Continuous blood pressure prediction system using Conv-LSTM network on hybrid latent features of photoplethysmogram (PPG) and electrocardiogram (ECG) signals

Abstract

Continuous blood pressure (BP) monitoring is essential for managing cardiovascular disease. However, existing devices often require expert handling, highlighting the need for alternative methods to simplify the process. Researchers have developed various methods using physiological signals to address this issue. Yet, many of these methods either fall short in accuracy according to the BHS, AAMI, and IEEE standards for BP measurement devices or suffer from low computational efficiency due to the complexity of their models. To solve this problem, we developed a BP prediction system that merges extracted features of PPG and ECG from two pulses of both signals using convolutional and LSTM layers, followed by incorporating the R-to-R interval durations as additional features for predicting systolic (SBP) and diastolic (DBP) blood pressure. Our findings indicate that the prediction accuracies for SBP and DBP were 5.306 ± 7.248 mmHg with a 0.877 correlation coefficient and 3.296 ± 4.764 mmHg with a 0.918 correlation coefficient, respectively. We found that our proposed model achieved a robust performance on the MIMIC III dataset with a minimum architectural design and high-level accuracy compared to existing methods. Thus, our method not only meets the passing category for BHS, AAMI, and IEEE guidelines but also stands out as the most rapidly accurate deep-learning-based BP measurement device currently available.

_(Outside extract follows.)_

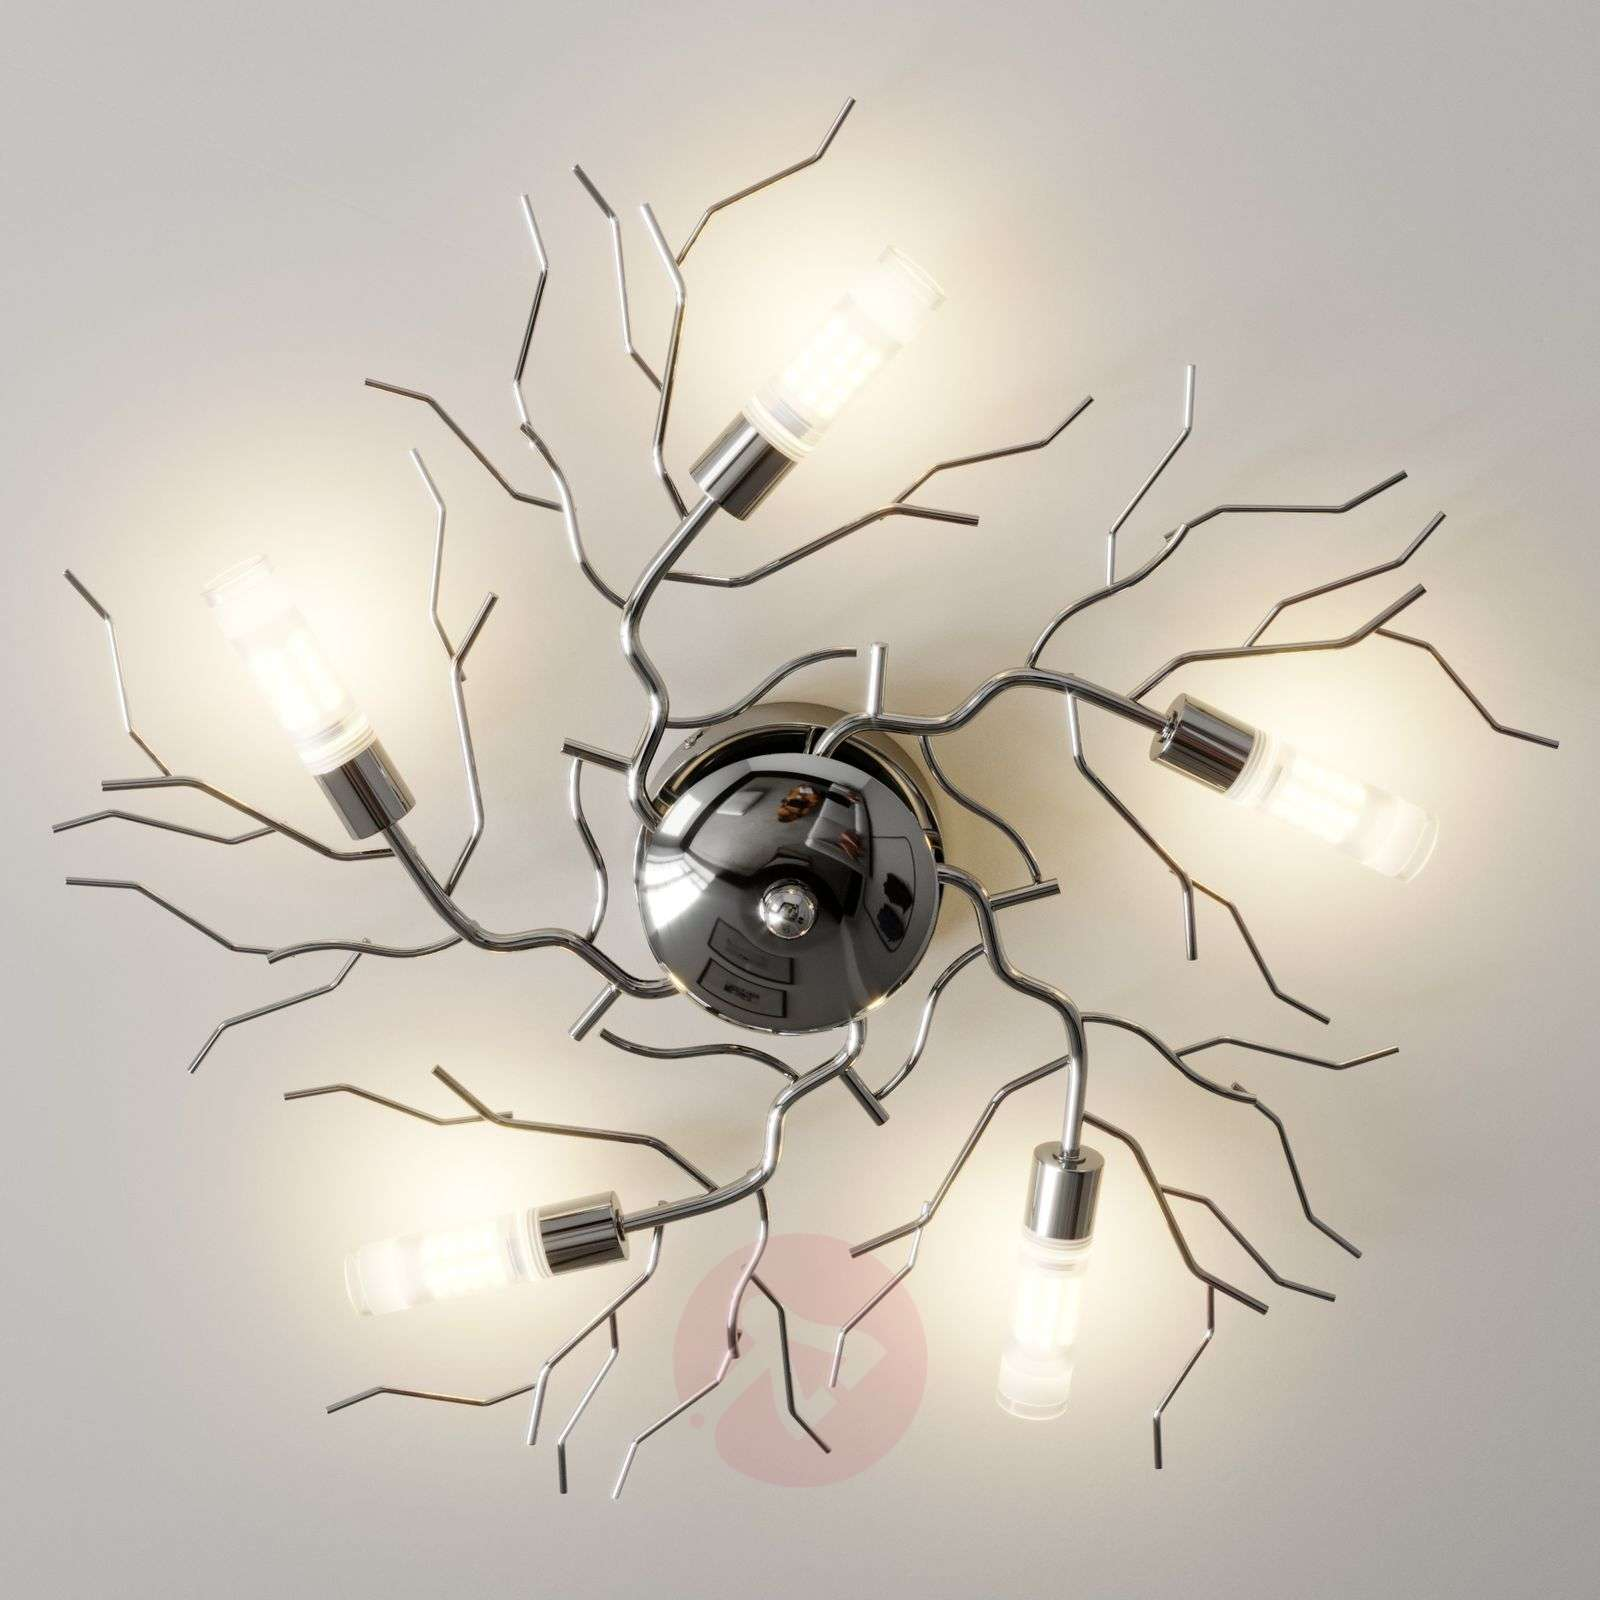 Oksamainen LED-kattovalaisin Felicity-9620804-024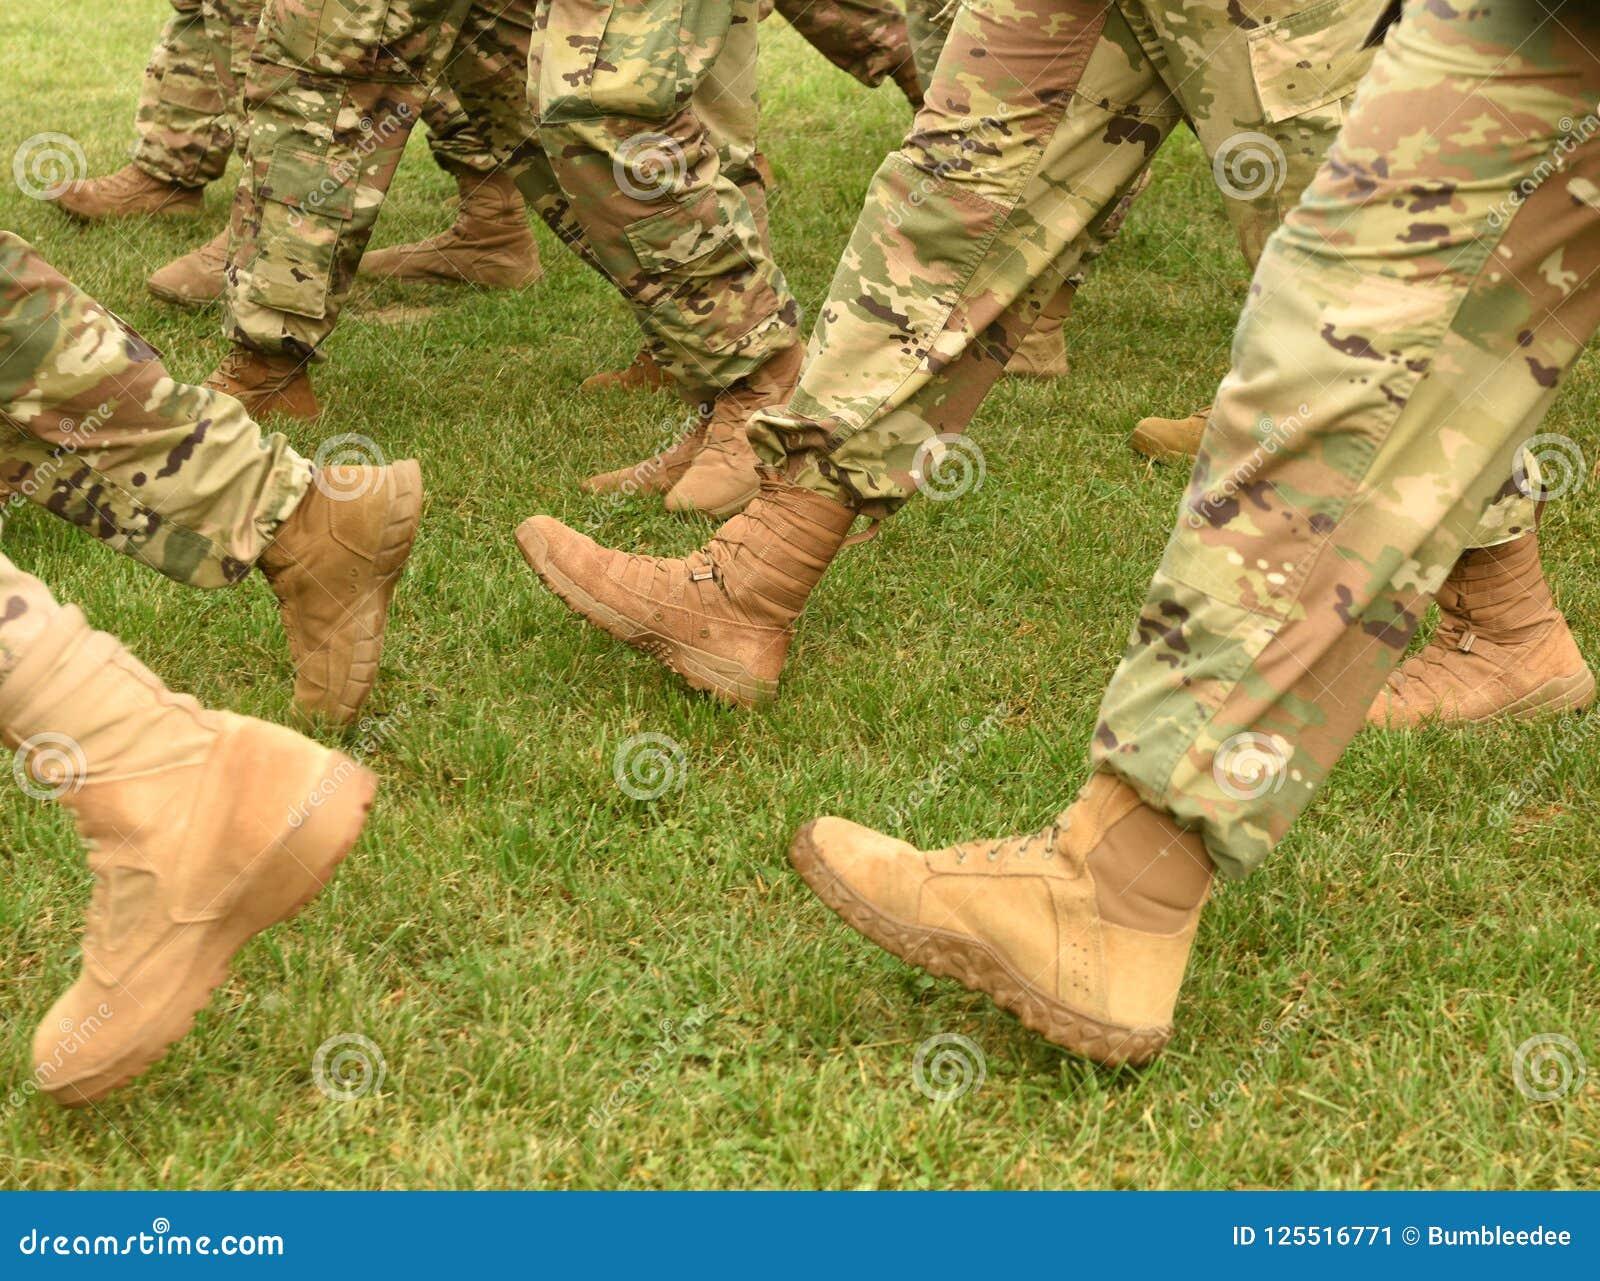 Pés dos soldados dos E.U. no uniforme militar da camuflagem verde Tropas dos E.U.

Keywords: Blood pressure; Deep learning; Electrocardiography; LSTM; Photoplethysmography.

Figure 1

The flow diagram of our proposed method. The figure shows the process of predicting the systolic and diastolic blood pressure. Record files from the MIMIC-III dataset are passed to the preprocessing module. The output of the preprocessing module is three signals: PPG, ECG, and ABP. PPG and ECG signals are inputted to the DBP Prediction Network and SBP Prediction Network, whereas the ABP signal determines the target SBP and DBP values for training the Network.

Figure 2

Preprocessing of the MIMIC III dataset used in our experiments. The figure shows the inside of the preprocessing module for extracting PPG and ECG signals. It consists of 7 consecutive blocks, with each block depicting a particular function.

Figure 3

The SBP and DBP Prediction Networks. For predicting SBP, real SBP data was used as the target value. For predicting DBP, real DBP data was used. The network consists of Conv1D layers that process the ECG signal, Conv1D layers that process the PPG signal, a concatenation layer that mixes the features of PPG and ECG, an LSTM layer, and lastly, a fully connected layer to predict either SBP or DBP.

Figure 4

Distribution of subjects based on the total signal duration for the Training and Testing Datasets. A clustered column plot with a y-axis showing total the number of subjects belonging to a time duration category and an x-axis showing the duration length categories.

Figure 5

Distribution of blood pressure values in the Training and Testing datasets. The SBP and DBP distributions of the Training and Testing datasets are shown in panel (a), and the distributions of calculated PP for the Training and Testing datasets are shown in panel (b). The distributions are shown in a vertically stacking bar plot for both panels (a) and (b) with the y-axis showing the number of samples and the x-axis showing the blood pressure value in mmHg.

Figure 6

Error distributions and the Bland–Altman plots of the predicted SBP and DBP by the proposed model: (a) Error histogram for SBP, (b) Error histogram for DBP, (c) Bland–Altman plot for SBP, and (d) Bland–Altman plot for DBP. Figure panel (a) and (b) show an unimodal distribution of prediction error with the mean shown in bold-dashed lines. Panel (c) and (d) show scattered points of prediction data, shown in red color for SBP and blue color for DBP in the Bland–Altman plot, which shows the difference between the error of the predicted measurements against the averages of the error.

Figure 7

Distribution of subjects based on the total signal duration for the Training and Testing Datasets. Panel (a) shows a scatterplot of actual versus predicted SBP values from Conv1D-LSTM without R-to-R intervals. Panel (b) shows a scatterplot of actual versus predicted DBP values from Conv1D-LSTM with R-to-R intervals. Each plot has a regression line, orange for SBP and purple for DBP. This line overlays a dashed black line indicating perfect predictions.